Clearing the docks | South China Morning Post
  • Sun
  • Feb 1, 2015
  • Updated: 11:13pm

Clearing the docks

PUBLISHED : Saturday, 29 April, 2006, 12:00am
UPDATED : Saturday, 29 April, 2006, 12:00am
 

FOR SOME PEOPLE, Kwai Chung is little more than a station they pass on the Tsuen Wan line. However, as the home of Hong Kong's main container shipping terminals, the area is at the heart of a sophisticated logistics network that stretches around the globe.


Every day, an average 28 vessels call at Kwai Chung port. They load or discharge about 40,000 teu (20-ft equivalent units) in container volume. Taking advantage of intermodal transport links, the containers connect by road, rail, barge or other shipping services, giving exporters and trading companies access to every corner of the world.


The volume of container traffic passing through the port, as well as the size of vessels, has grown steadily. Kwai Chung has been a vital part of Hong Kong's success story over the past three decades. To keep pace with developments, terminal operators are leading the way in deploying the latest state-of-the-art technology.


'Without computer back-up, it would be very difficult to operate efficiently,' said Joel Cheung, corporate affairs manager at Modern Terminals, one of Hong Kong's largest terminal companies, and with a growing presence in the mainland.


Operations such as ship planning and calculating vessel stability are now computerised.

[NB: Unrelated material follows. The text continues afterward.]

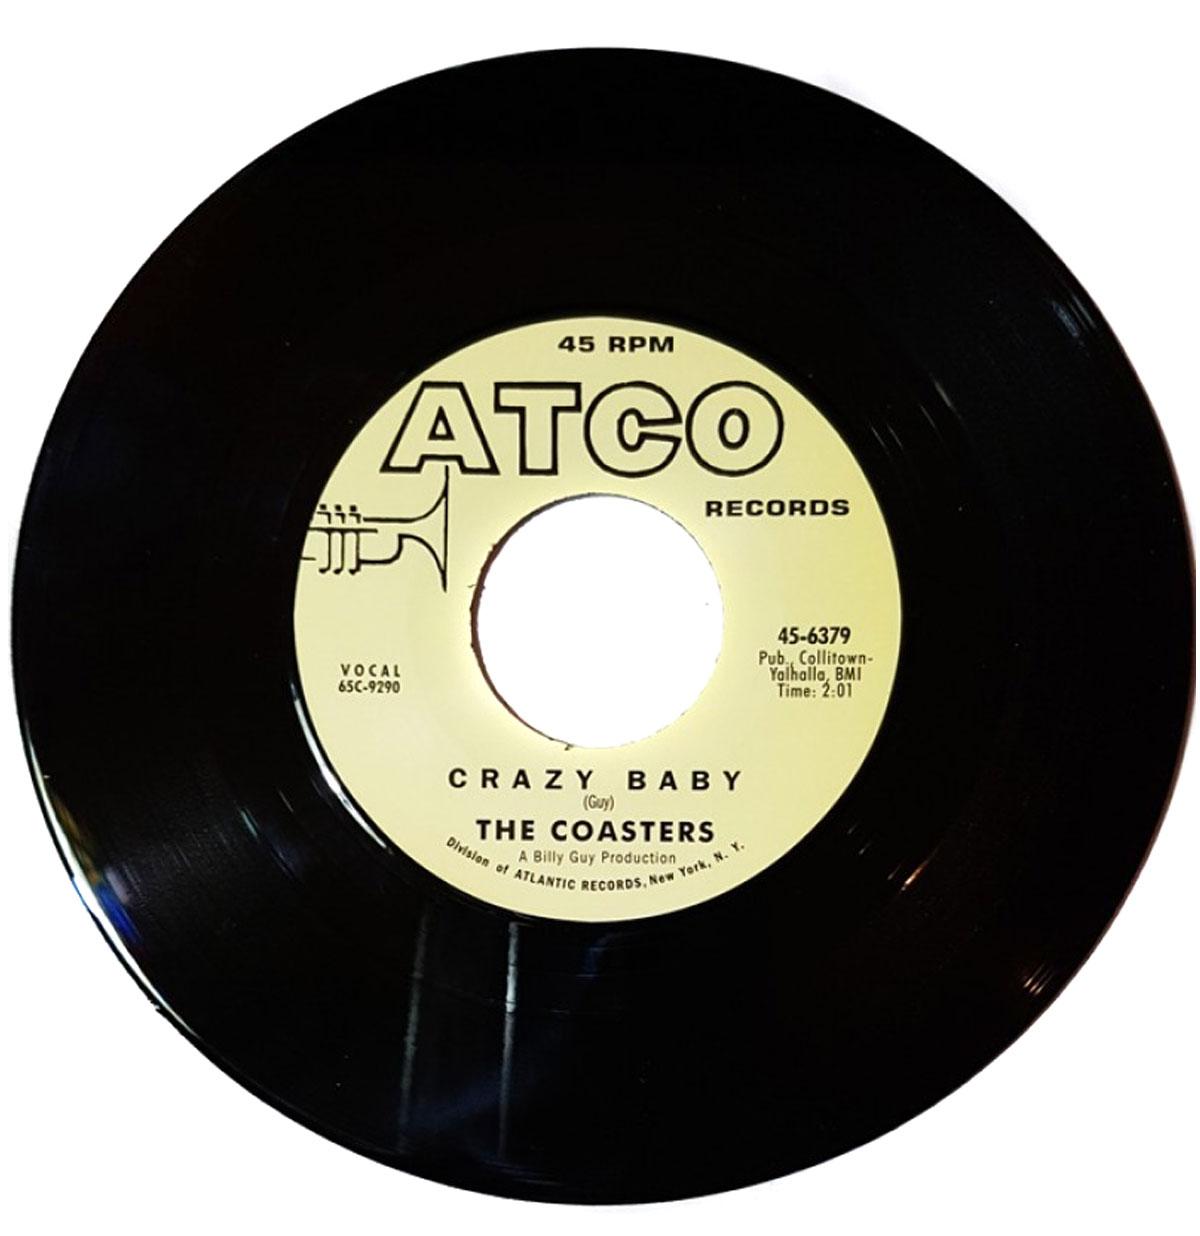 The Coasters - Crazy Baby Single

Specialist software and hi-tech systems also ensure that quay cranes work at maximum efficiency, and the time spent in port for vessels with a capacity of 8,000 teu or more is kept to a minimum.


Modern Terminals has also introduced software to map and plan the positioning of containers in the storage yard. This has been a huge boon to operations and to facilitating the multiple movements that take place daily, including lifts on and off trucks, transfers to or from shipside, and shifts in the terminal. The software has helped to streamline operations and optimise the use of limited space.


Containers can be stacked six high, but doing this requires a detailed calculation of weight, expected dwell time, and plans for onward movement, to reduce time-consuming or unnecessary rehandling.


Every time a container is moved in the terminal, a light flashes on a computer screen in the control tower. This is on the top floor of the main warehouse and office building, giving a bird's-eye view of all that is going on. Staff in the control tower can finalise ship-loading plans on-screen, oversee activities in the yard and monitor CCTV coverage of areas outside their line of vision.


The control tower team is in constant electronic communication with quayside crane and rubber-tyred gantry operators, all of whom have computers in their cabs.


Ms Cheung said the radio communication was discouraged so as to minimise the chance of errors caused by unclear reception or imprecise instructions, and also to limit noise in the control tower.


Technology is also playing a part in a pilot scheme in operations at Modern Terminals and Hong Kong International Terminals. This is in response to the need to step up security and check what each container contains.


The initiative, supported by the Hong Kong Container Terminal Operators Association, means that all export containers entering the terminals by truck now go through an Integrated Container Inspection System. Containers are scanned for anything that does not match the manifest, and checked for signs of radioactive material.


The increased use of all this technology has had an impact on job responsibilities and the type of vacancies available.


'Overall, fewer people are needed because we don't use manual systems any more,' Ms Cheung said. The focus now is on using human resources more efficiently and employing people trained to operate sophisticated equipment and systems.


Most training at Modern Terminals is in-house, because many of the processes are found only in container ports. For operational roles, the company takes on trainees with a standard driving licence, gives them several months' hands-on instruction, and follows this with practical exams.


The company was one of the first organisations to be authorised by the government to issue specialised licences for equipment operators.


In the past, container terminals depended heavily on the experience of former seafarers, who filled many ship planning and operational positions.


Now, with advanced systems, university graduates and secondary school leavers have a more direct route into the sector, and can look forward to careers in management or as IT specialists.